I haven’t posted much recently because I’ve been busy with work and clients. This, of course, means that I haven’t been doing any writing either. There is a write-a-thon coming up next weekend and I intend to take full advantage of the 12 hours of dedicated writing time.

So what am I going to do with those 12 hours?

Writing the vignettes wasn’t difficult, easier than writing chapters in a novel because I could bounce around depending on my mood and what I wanted to explore. I know there are a few more vignettes I need to write, but I need to revisit what I’ve written because I think I have only scratched the surface.

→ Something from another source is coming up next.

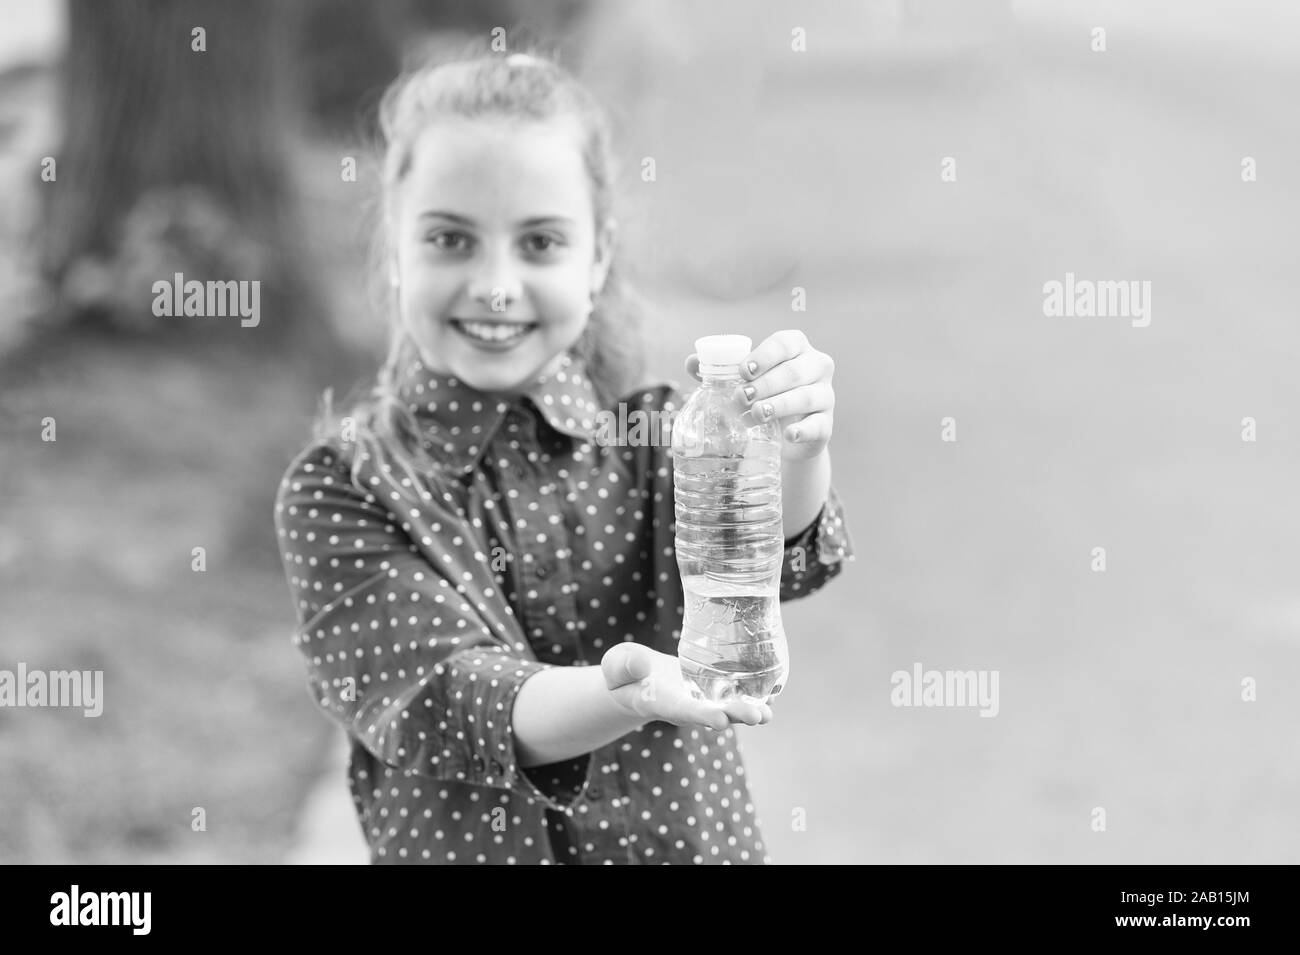 Warten Sie nicht, Hydrat. Flasche Trinkwasser selektiven Fokus. Kleines Mädchen Trinkwasser Durst zu stillen. Durstiges Kind. Durst oder Dehydratation. Durstlöschend. Durst Konzept. Stockfoto

Authenticity is by far the most important aspect of memoir writing. I’ve been honest, but I am wondering how deep that honesty runs? By that I mean, have I found the raw truth, the truth that hurts, the truth that exposes emotions trapped by years in the recesses of our minds?

I don’t know the answer to that question, but without knowing it, I know I can’t write more, or rather more with any true meaning.

So, at the write-a-thon I will re-read what I’ve written, figure out the tough questions, and prepare to revise. It is both exciting and terrifying because there is that possibility that I won’t be able to accomplish my goal. It is imperative to me that I write about my mother, our relationship, truthfully, while also showing readers just how important she was to me, how she made me the person I am today, while also showing that she was human, she made mistakes, she made choices I understand and don’t understand, but that I was her world, and above all she loved me so deeply.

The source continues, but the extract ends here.